Encephalopathy with cirrhosis of the liver
Encephalopathy was detected in 67.2% of patients with cirrhosisliver. The majority of them developed terminal liver-cell failure, which served as the direct cause of death, and only a few patients from the time of encephalopathy until death passed from several months to a year. In 1/3 of patients who died during the phenomena of hepatic coma, it was triggered by bleeding from the enlarged veins of the esophagus and stomach.
Morphological examination revealed in thesecases with all forms of cirrhosis of the liver, significant hydropic dystrophy of hepatocytes, a number of step necrosis and large areas of necrosis in the regenerate nodes, as well as focal histophilic infiltration in their various parts. Signs of regenerative processes in the form of binuclear hepatocytes, cells with large nuclei, were weakly expressed. In the layers of connective tissue, abundant diffuse histophiloid infiltration, as well as proliferation of bile ducts, have been found.
Ascites are an excessive accumulation of fluid in the abdominal cavity.
Pathogenesis of ascites in liver cirrhosis
Figure 3. Pathogenesis of ascites. According to existing hypotheses, the leading role may play a delay in sodium, a decrease in effective BCC or the expansion of arterioles.
Ascites were detected in 83.6% of patients in terminalstage of cirrhosis of the liver, while 22% of patients it developed no earlier than a month before death. The lifespan from the time of diagnosis of ascites in the remaining observations was 5 months to 3 years. Only a few patients lived from 5 to 8 years after the appearance of "persistent" ascites against the background of taking diuretic drugs.
A clear dependence of the ascites frequency on the formcirrhosis of the liver was not detected, ascites was observed in the far-gone stage equally often with all cirrhosis. Currently, a relatively rare complication of the terminal stage is ascites-peritonitis due to coccal infection, staphylococcal sepsis, and colibacillosis.
In recent years, the development of liver cancer has increasedagainst cirrhosis of the liver. Viral hepatitis is detected in anamnesis in 28.6% of patients, alcoholism in 14.4%, drug-induced hepatitis in 2, 8 %%, gallbladder and bile duct disease - in 5.6%, etiological factors remained unknown in 48% patients with cirrhosis-cancer. In no case has there been a development of cancer on the background of biliary cirrhosis of the liver. In 75% of cases, liver cancer was hepatocellular and in 25% - cholangiocellular.

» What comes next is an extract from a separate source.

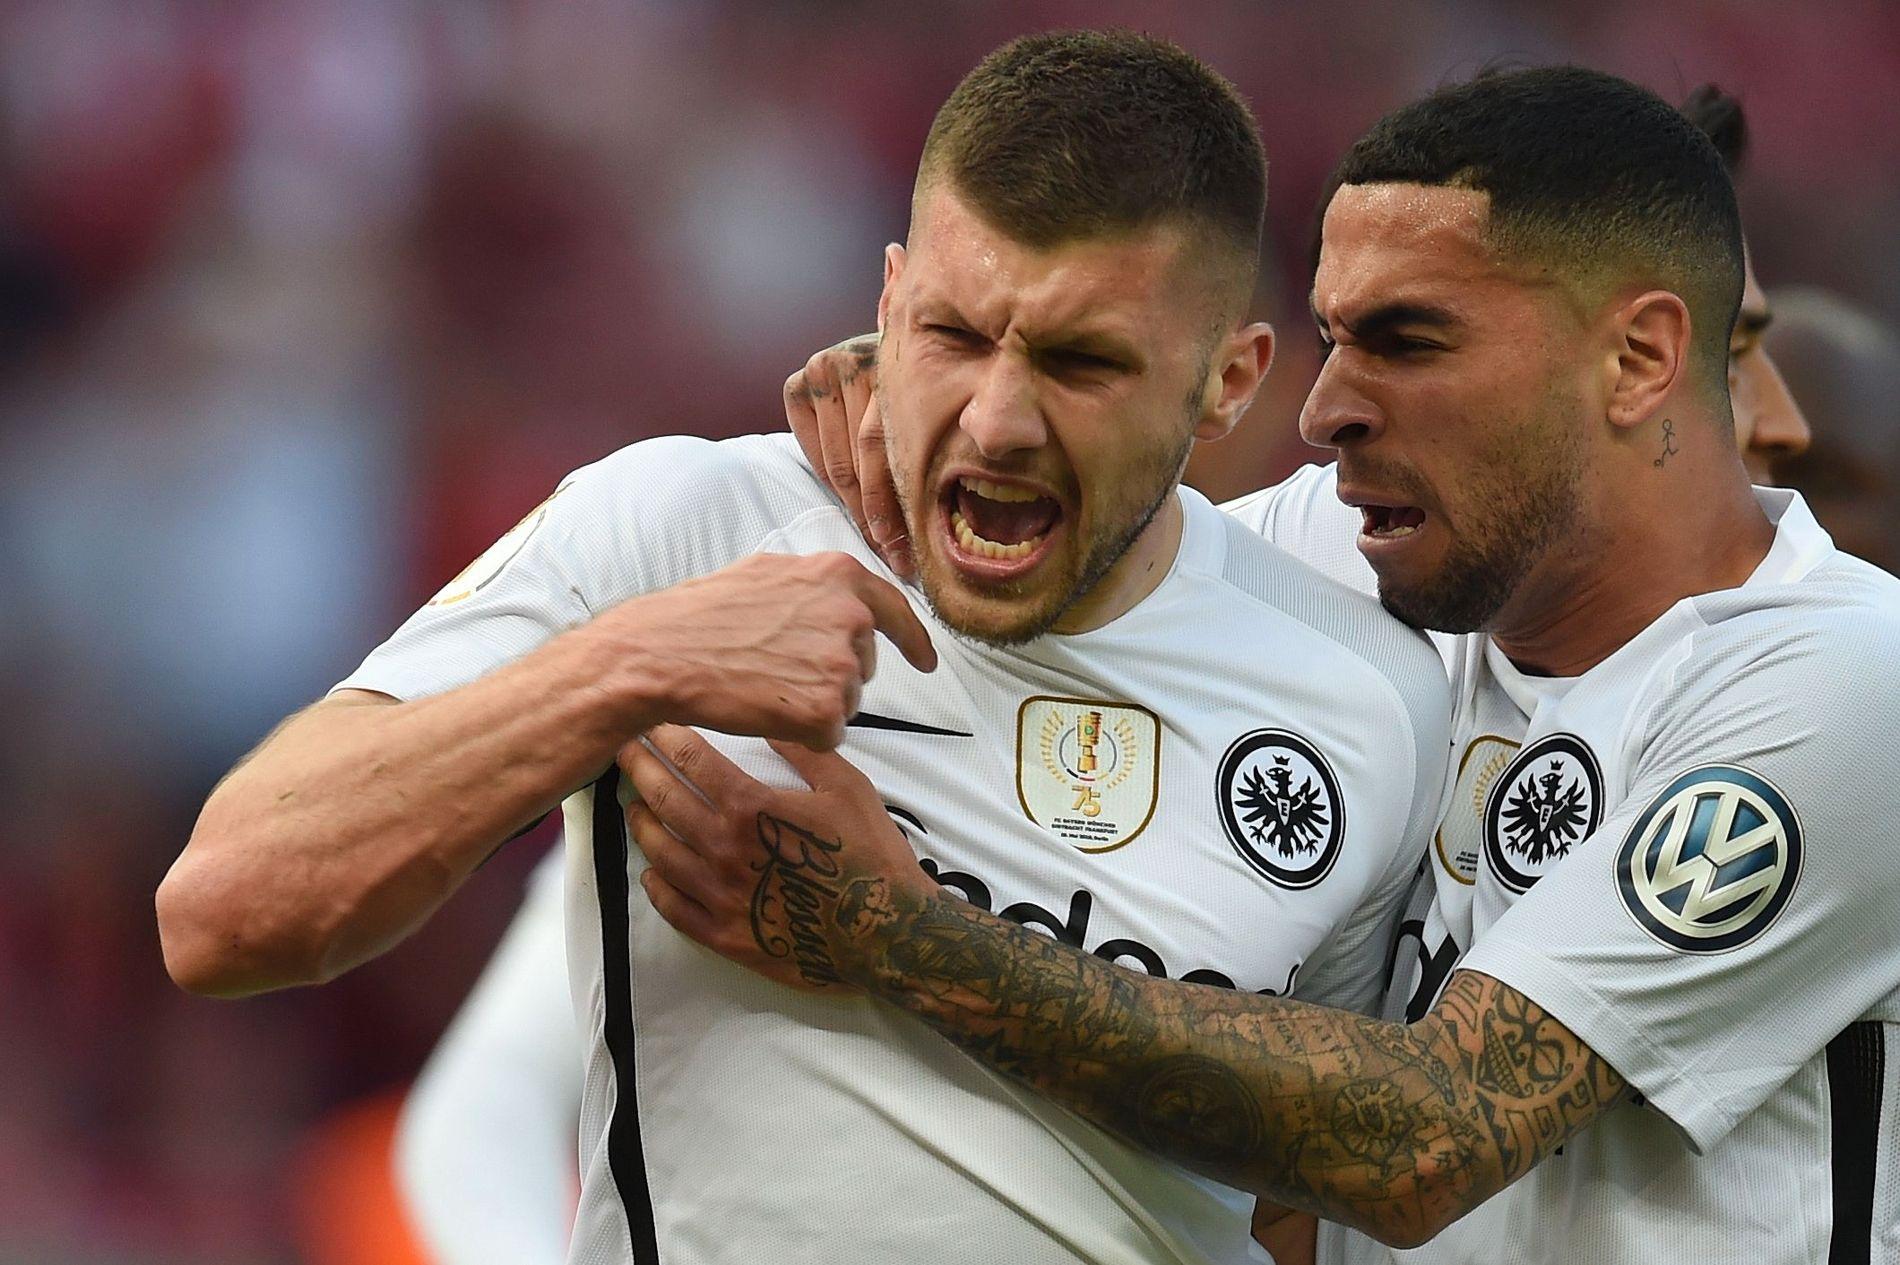 BAYERN-DØDAR: Ante Rebic (t.v.) spilte en fantastisk finale mot FC Bayern, og scoret to. Her jubler han sammen med Omar Mascarell.

Cirrhosis can occur with prolongedclinical remissions, it is possible to stabilize the process. Formed active cirrhosis of the liver is incurable, it leads to death due to hepatic cell failure, bleeding from the dilated veins, intercurrent infections.
Prevention of cirrhosis of the liver consists in eliminatingor restriction of the effect of etiological factors, timely recognition and treatment of chronic hepatitis and fatty hepatosis. When cirrhosis of the liver is important to delay the progression of the disease and ensure the prevention of complications.
The incapacity of patients with cirrhosis of the liver at an early stage is limited, at the stage of the formed cirrhosis in most cases is lost.